The New York Times Brian Stelter has this trend piece that claims the nation's office workers save up their online video viewing for the lunch hour. Giving this trend the label "video snacking," the piece claims that the mid-day hour experiences a peak in viewing and that workers gather together to watch web video as a kind of communal experience, so much so that some content providers are now staring to schedule programs for this period.
That might be right. It's been a while since I actually worked in an office on a daily basis and it makes sense that web video watching does spike when people are legitimately free to engage in non-work activities.
But I've got to believe that a whole lot of web video viewing in the workplace is going on throughout the day. I've swapped emails with office workers at all hours of the day directing me to watch interesting or funny videos. Based on my limited experience, people are watching videos all day long.
The notion that people are saving up their video viewing for a specified time reminds me of that old Steve Martin joke about smoking marijuana, where at first he admits to smoking it, but only in the late evening...except for those times he smokes it during the early evening, and well, yes, those times he smokes it in the afternoon...and so on.
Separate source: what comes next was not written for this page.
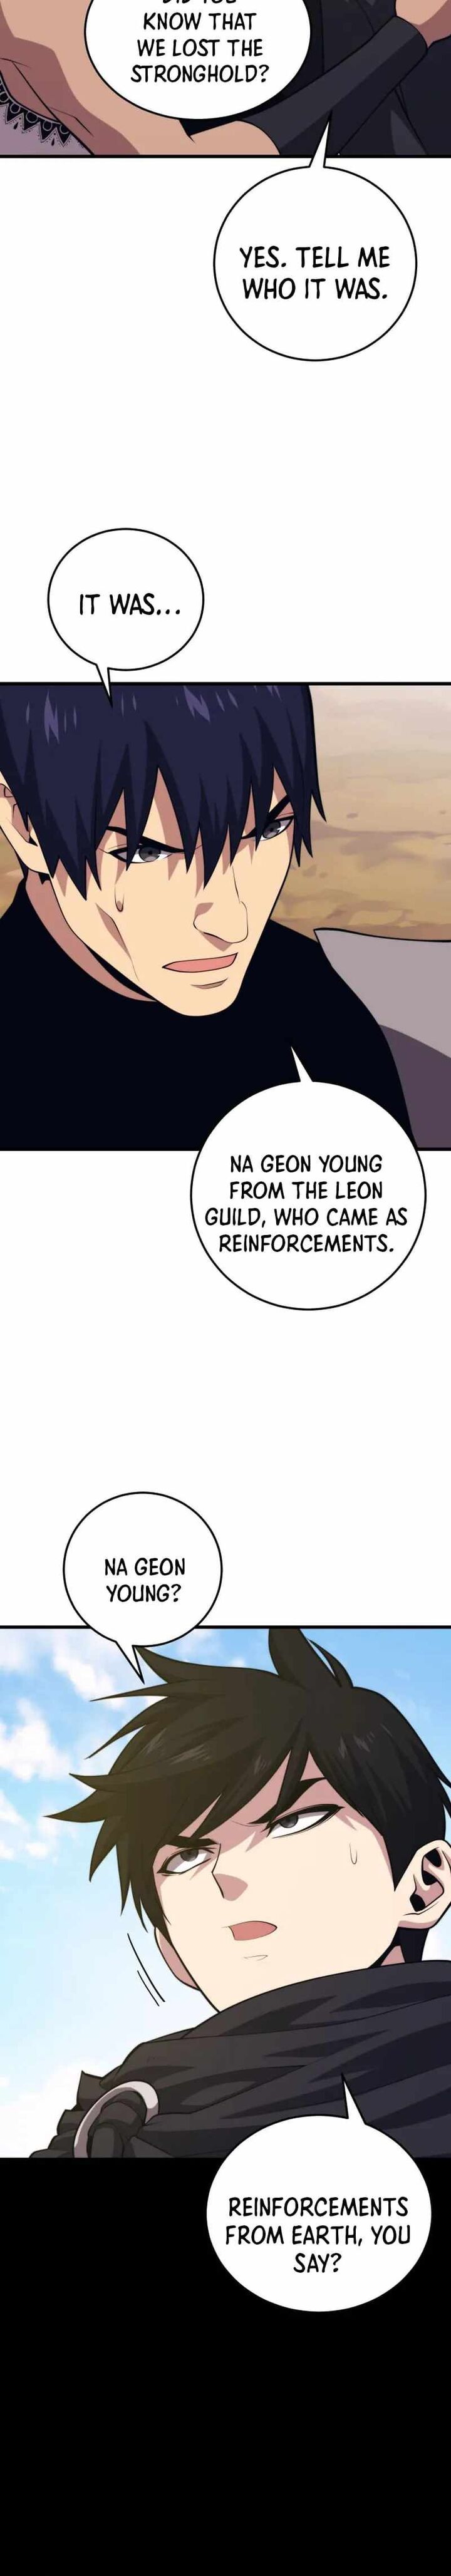 Seoul Stations Necromancer Chapter 123 Page 20

Here's the joke in full, courtesy of Wikiquote:
I used to smoke marijuana. But I'll tell you something: I would only smoke it in the late evening. Oh, occasionally the early evening, but usually the late evening - or the mid-evening. Just the early evening, midevening and late evening. Occasionally, early afternoon, early mid-afternoon, or perhaps the late-midafternoon. Oh, sometimes the early-mid-late-early morning...But never at dusk. Never at dusk.